The domain is defined by several global variables: NodeType, MemParams, Volume, MatrixINT, MatrixEXT, MatrixBATH, MatrixE2B, and MatrixB2E. Several other arrays are kept to help process these vectors and sparse matrices: PatchSize, MemparamSize, AuxiliarySize, TissueSplit, StateSplit, MemparamSplit ?, AuxiliarySplit ?, and others.

NodeType is a byte-vector containing an identifier for every node in the domain. This identifier then relates to which membrane module will process that node. To compute the ionic currents, for example, we call every membrane module, sending it the entire domain to process. Inside every membrane module, then, we scan through the NodeType vector to see which nodes the given module should actually perform computations on. This is a ``standard'' vector to process, node i's data is found at NodeType.data[i].

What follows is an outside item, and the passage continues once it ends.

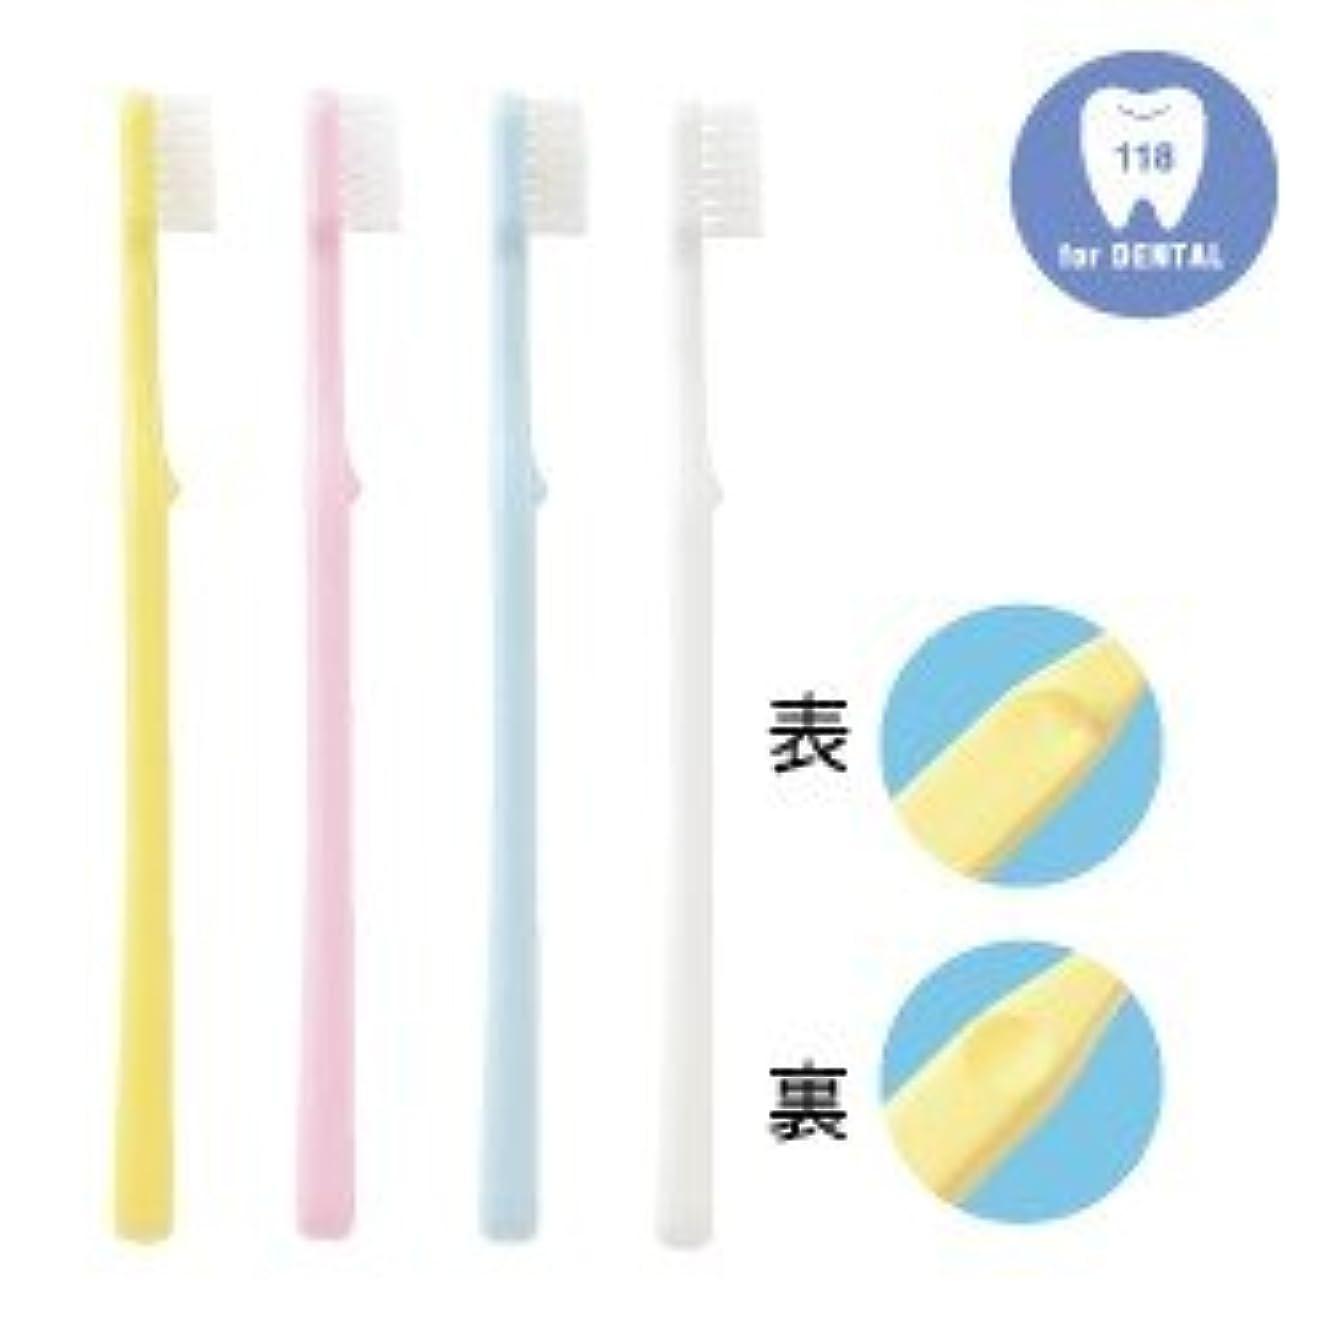 異常好きである森歯科専用歯ブラシ フォーカス 子供用 118シリーズ M(ふつう) 20本
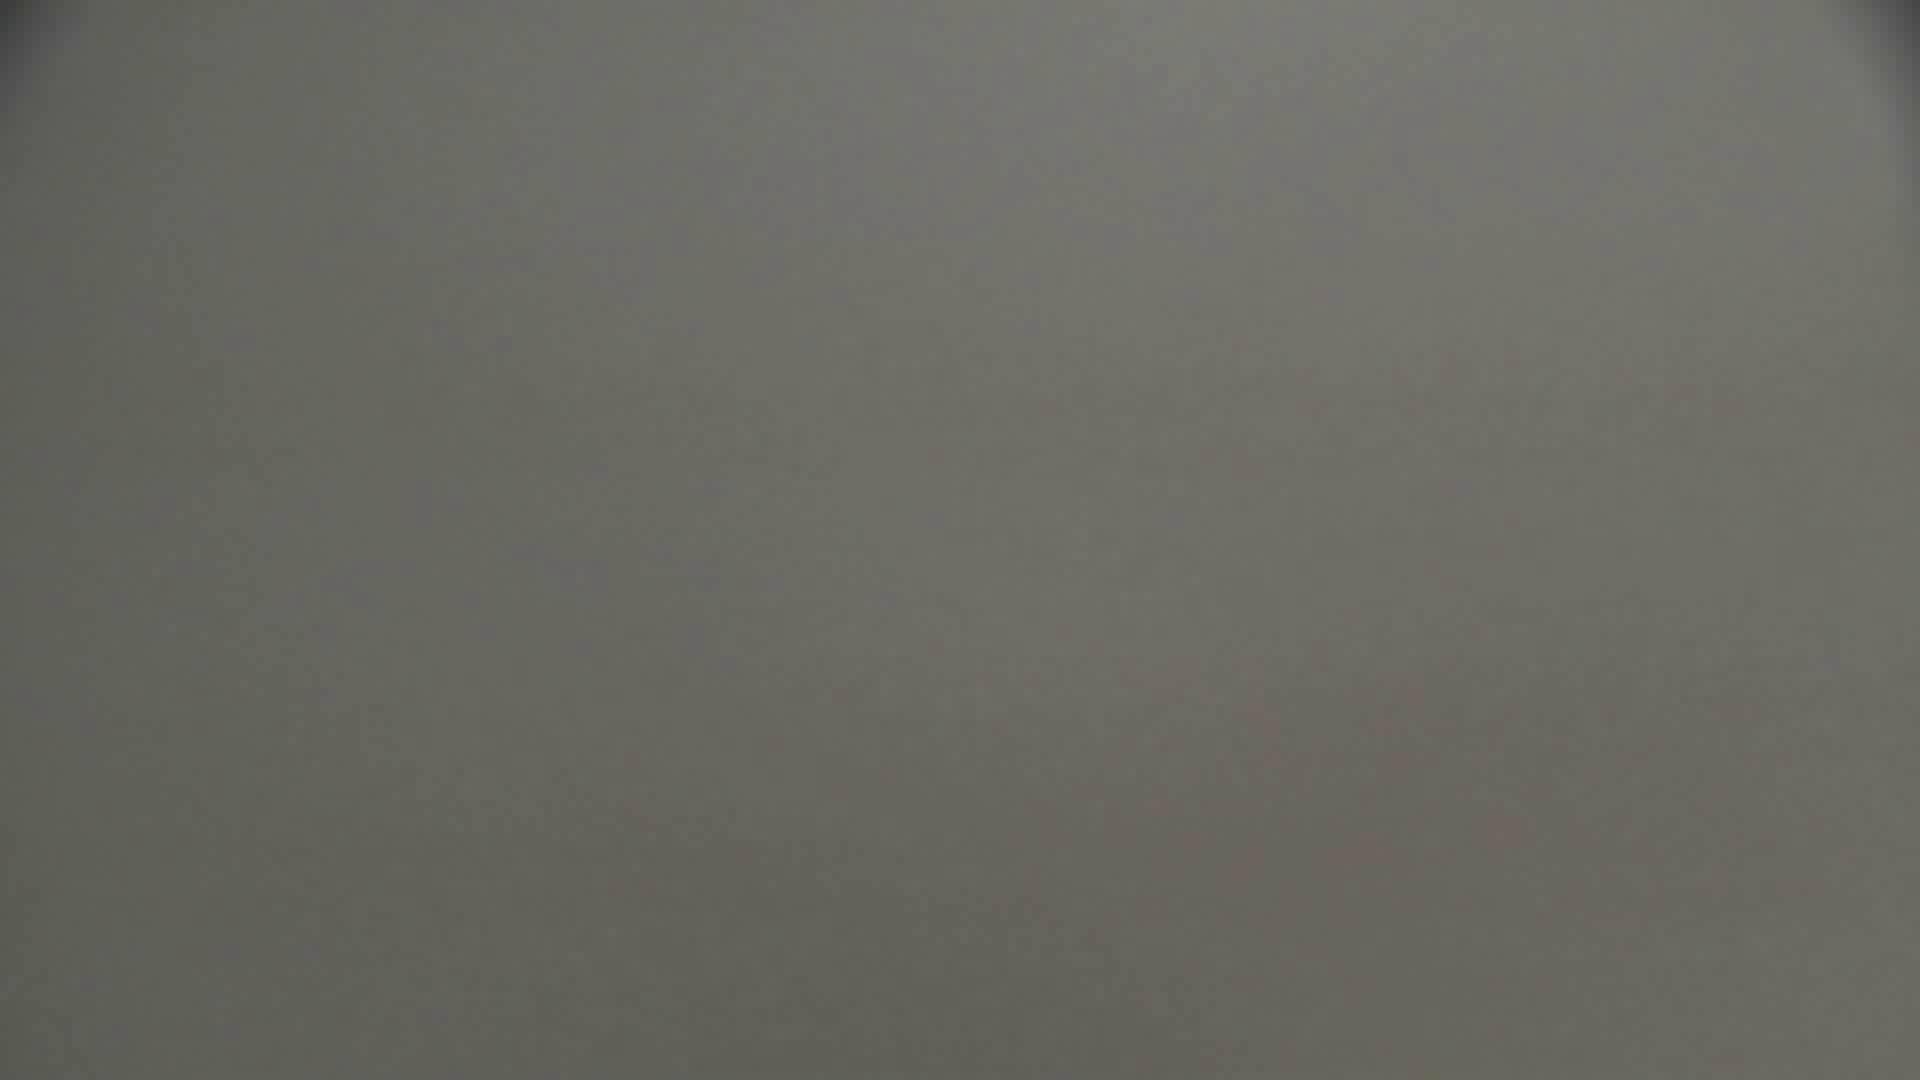 【美しき個室な世界】 vol.021 めがねっこ 高評価  82PIX 48

MemParams is a real-vector containing a list of any spatially variant membrane parameters. Note that since each membrane module may have a different number of spatial parameters, we cannot simply index into this vector to find node i's parameter set. Instead, we must ``walk'' through the vector node-by-node, using the MemparamSize array to determine how many memory-units are between node i and node i+1. The MemparamSize array is sized to the maximum number of membrane modules in the simulation. MemparamSize[t] then gives the number of memory-units (real values) that nodetype t occupies. See the Membrane Module section below for more detail.

Volume is a real-vector containing a list of each node's associated volume. For finite-difference methods, this is simply the product of dx, dy, and dz. For finite-volume or box methods, we use the Voronoi volume of the node. For finite-element methods, you may wish to use the true Voronoi volume (which may require extra computational effort to compute) or some approximation to it (rather than using the intersection of perpendicular bisectors, it may be easier to compute edge midpoints and centroids). This is a ``standard'' vector to process, node i's data is found at Volume.data[i].

MatrixINT is the matrix representation of the diffusion operator. It must include any anisotropy and inhomogeneity that you wish to model. In some very simple cases, we can easily generate this matrix at the beginning of the simulation (ie. 1/2/3-D homogeneous cases).